Although the Trump administration is determined to reduce the yields of the long -term links, the preference of the Fed for waiting and observing the risks upward with led by the rate for inflation is to touch a brick wall. Last week, Trump said he could not wait for Powell’s office to declare, while at the same time Powell’s presidency is legally well expelled. The dead point is a classic case of when unstoppable force is with an immovable object.
The ‘elephant in the room’ here is the huge debt battery of the United States government of $ 36.2 billion. The country has been in an expenditure spree from the global financial crisis, which accelerated when the Covid pandemic hit.

Today, the United States debt with GDP is significantly 122 percent (December 2024). Bondas yields may burn a hole through federal government finances, thus explaining Trump’s fixation and administration in bond yields. In fact, it was the tantrum of the previous week that pushed Trump to go quickly in reciprocal rates.
Three factors
The problems related to debt for the voice of the Trump administration of three factors.
First is the refinancing problem. The previous administration reduced the interest rate pressure by issuing short -term invoices instead of long -term bonds. While the approach was unsustainable for a long time, it is the problem of the current administration now refinance them with long -term bonds and add more pressure on yields.
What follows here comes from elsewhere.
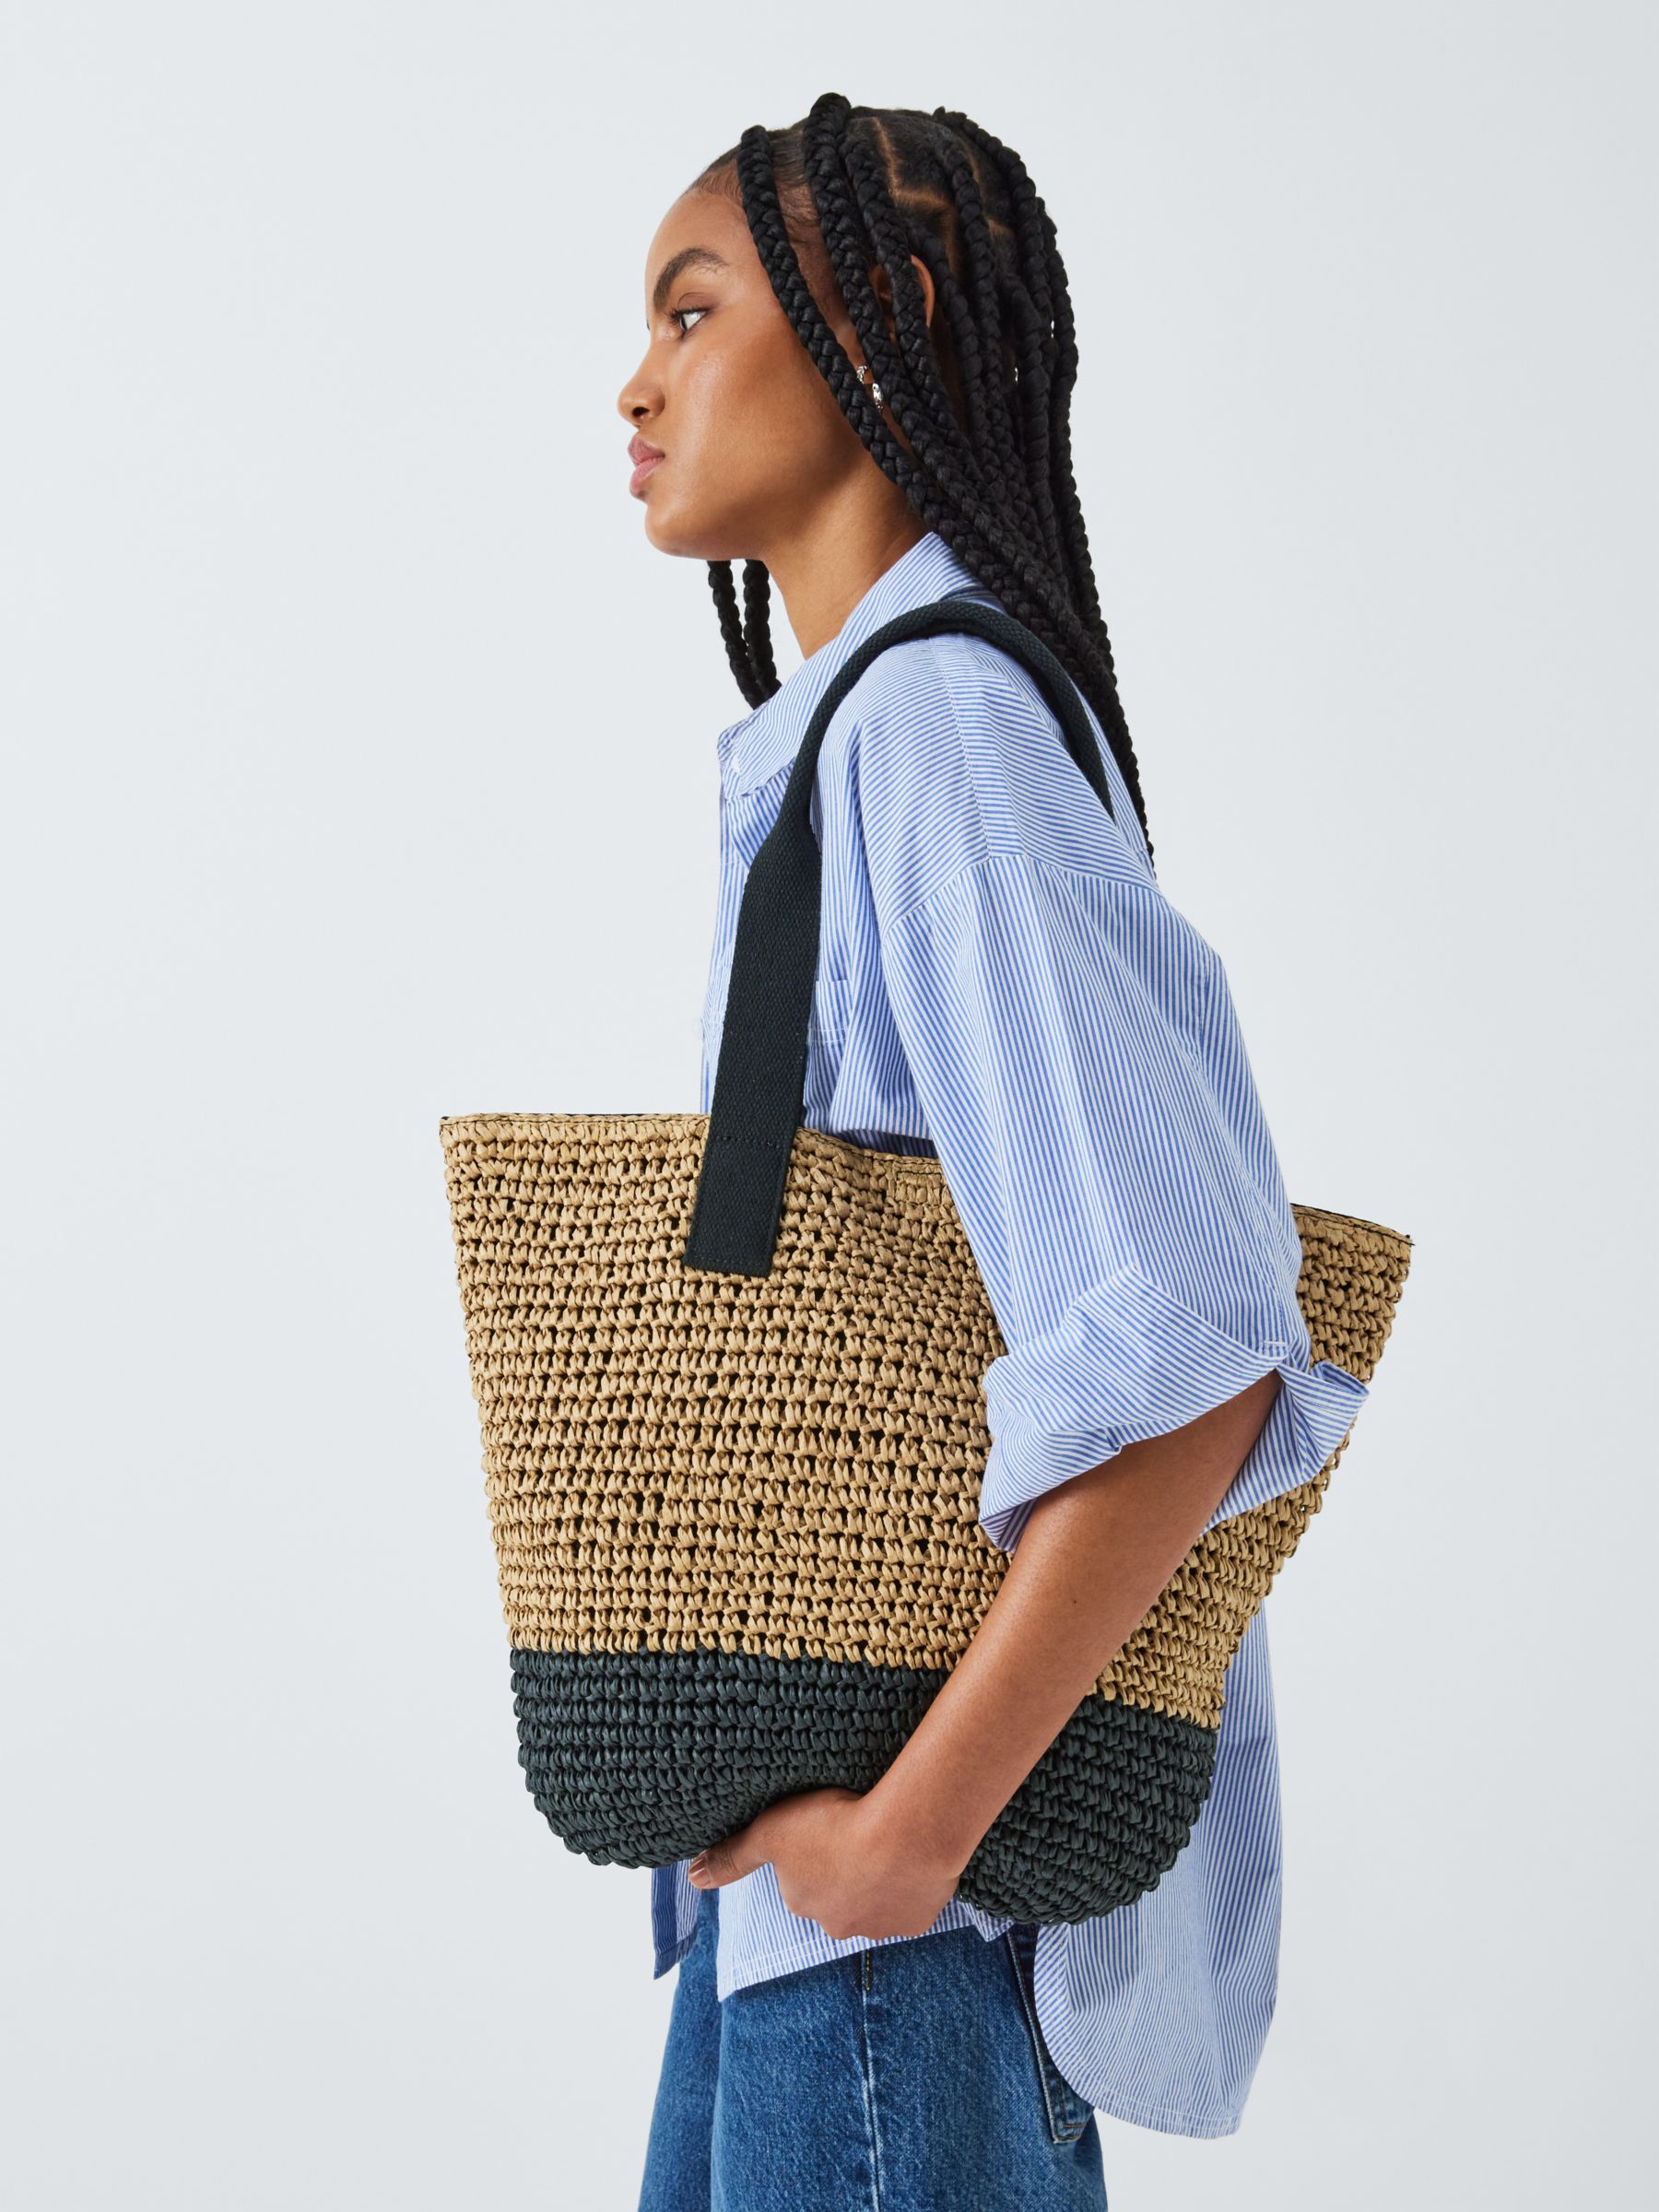 John Lewis ANYDAY Raffia Tote Bag, Natural/Black at John Lewis & Partners

Two, is the issue of the United States government addiction to spending, which, of course, Trump is trying to address Doge. While the US fiscal deficit. Uu. It cooled to 5.5 percent of GDP in 2022 (calendar year) after shooting 15.7 percent of GDP in 2020 due to the Covid stimulus, the ratio has now returned to 6.8 percent. Worse, the disbursement of interest of the federal government by 2024 exceeded the disbursement of national defense for the first time in the history of the nation. This reminds Ferguson’s law: “Any great power that spends more in the debt service than in defense, runs the risk of ceasing to be a great power.”
The third factor is a self -inflicted. The Trump administration policy, what to go and vision, tries to pour global supply chains and could Ty the safe state of the United States Treasury values and the global reserve currency status of the dollar. This is where the commercial war explodes in the capital wars. Altheghie There is still no solid alternative to the US dollar, global central banks could resort to other coins or gold even more. A week ago, speculations abounded in the bond market that China could retaliate by getting rid of their US bond holdings. This was one of the key reasons for the performance to increase the week before the last one, although the exact reason of the tantrum is still being investigated.
American debt, a capital disaster
Decades before, Richard Nixon’s secretary said famous: “The dollar is our currency, but it is his problem.”
Similarly, this US debt battery and high yields are not only a problem for the US, but one for capital investors worldwide. First, the policies that the Trump administration is trying to implement could result in a stagflation in the United States, a period of recession driven by inflated prices.
The main investment bankers have predicted a 50 percent/60 percent probability of a recession. In a globalized economic environment, this means a slowdown in global GDP. This combined with high bond yields in the United States, used as a reference point for price risk assets worldwide, can be a double blow to capital investors.
Investors around the world, even in India, must monitor the United States bond market.